In the field of encryption, we are still in the stage of experimenting with various mechanisms to determine funding for which projects and the allocation of funds. Compared to Decentralized Finance (DeFi), the infrastructure for public product funding is still immature, with poor composability and a lack of practical testing.

To take all of this beyond the experimental stage and scale it up, we need to address two issues:

  1. The measurement should not only prove the effectiveness of these mechanisms, but also demonstrate that they are more effective than the traditional public goods funding model (see this post [1][2], understand why this is an important issue worth people's efforts, as well as another postAnalysis of the long-term impact of Gitcoin);

  2. Clear commitment: Clear commitment on how 'profits' or surplus funds flow to external circles.

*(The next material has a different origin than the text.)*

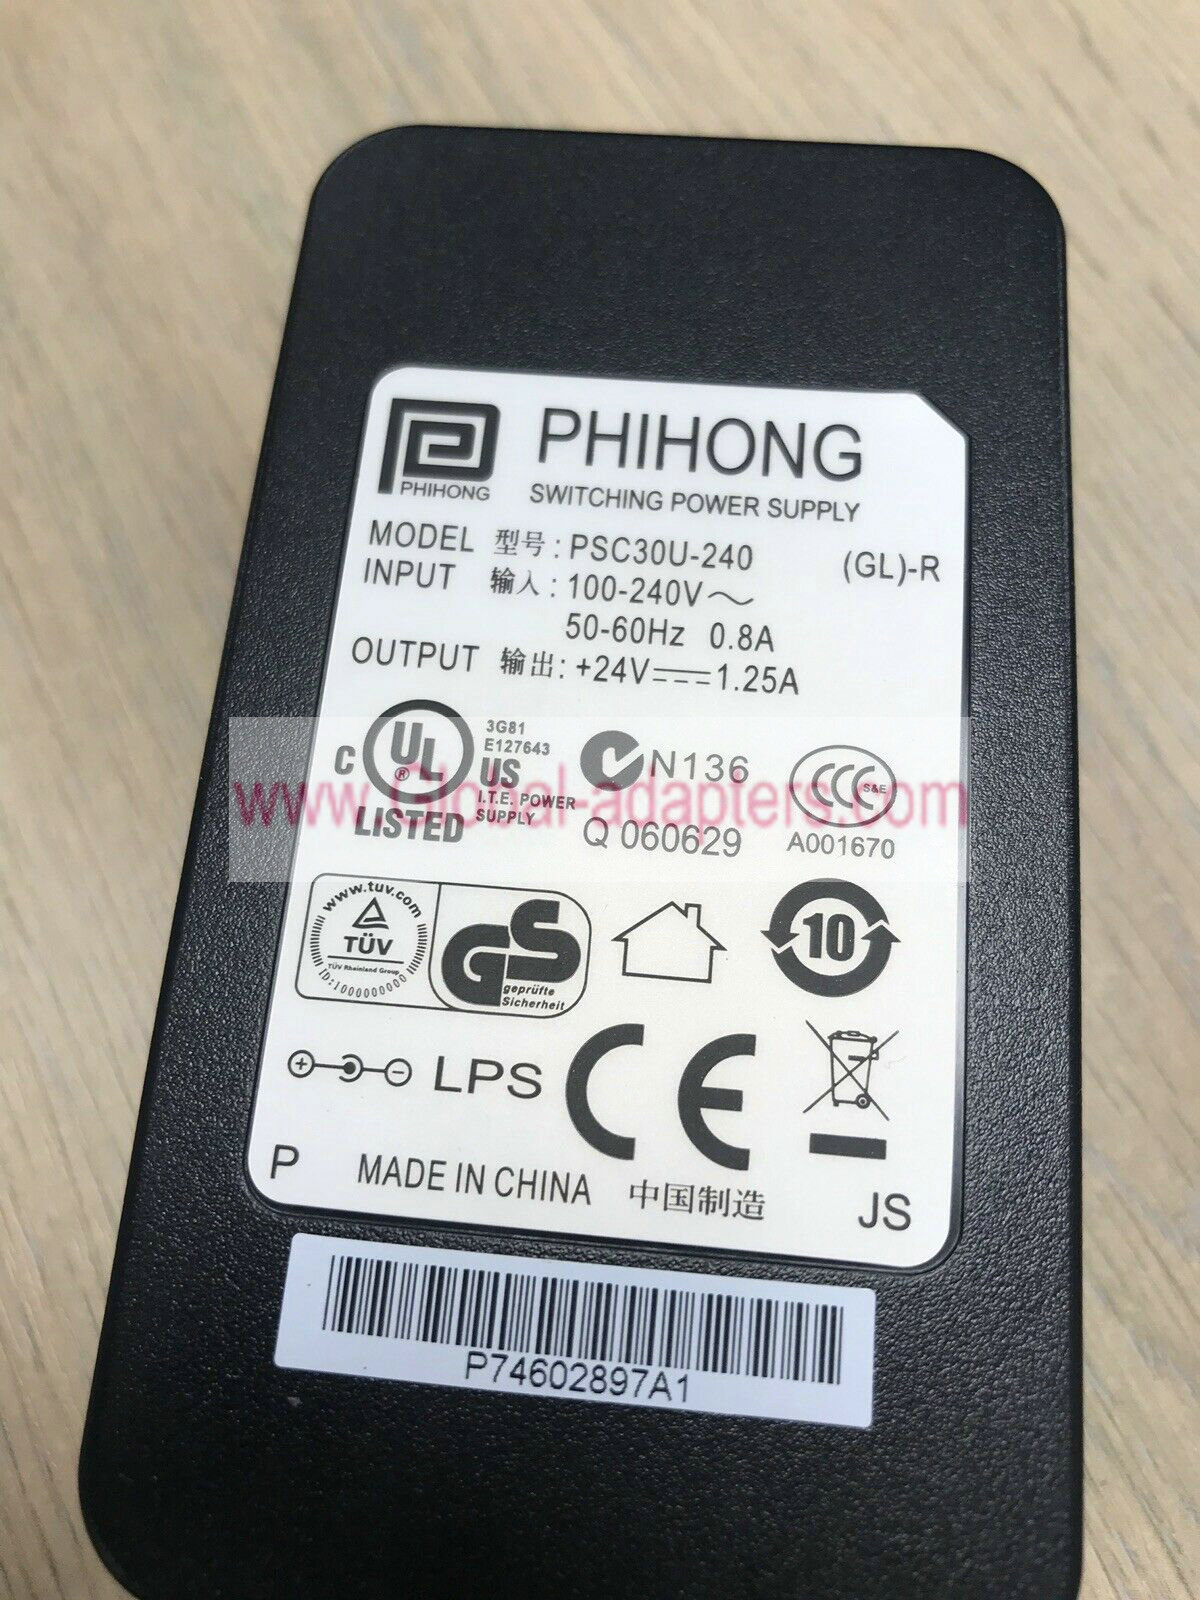 New PHIHONG 24V 1.25A 30W PSC30U-240 AC/DC SWITCHING POWER SUPPLY

In venture capital, there is always an investor behind the investor - ultimately, it could be your grandmother (or more accurately, all of our grandmothers). Each of these investors is motivated to allocate capital efficiently, so as to be trusted in the future and have more control over capital allocation.

For public goods, there is always a closely related group of participants, whether upstream or downstream of your work, you rely on them. But there is currently no commitment to share these surpluses with these entities. Until such commitments become the norm, it will be difficult for public goods funding to surpass our direct circles and achieve scale.

We have not yet reached a stage where we are better than traditional models (picture from Gitcoin White Paper).

I believe that just promising "when we reach a certain scale, we will fund these projects" is not enough. This can easily change goals. Instead, these commitments need to be established early on as foundational elements integrated into the funding mechanism and allocation projects.

I think it's unreasonable to expect the Whale treasury to finance everything. This is the water tower model we use in traditional governments and large foundations.

But if we are still small in scale, the more specific the commitment to provide support for our dependencies, the more it can demonstrate the existence of a public good market, thereby expanding the Total Addressable Market (TAM) and changing the incentive mechanism.

Only in this way can we have something truly worth promoting that can accumulate its own power and create the "diverse, civilized and large-scale public goods funding infrastructure" that we dream of.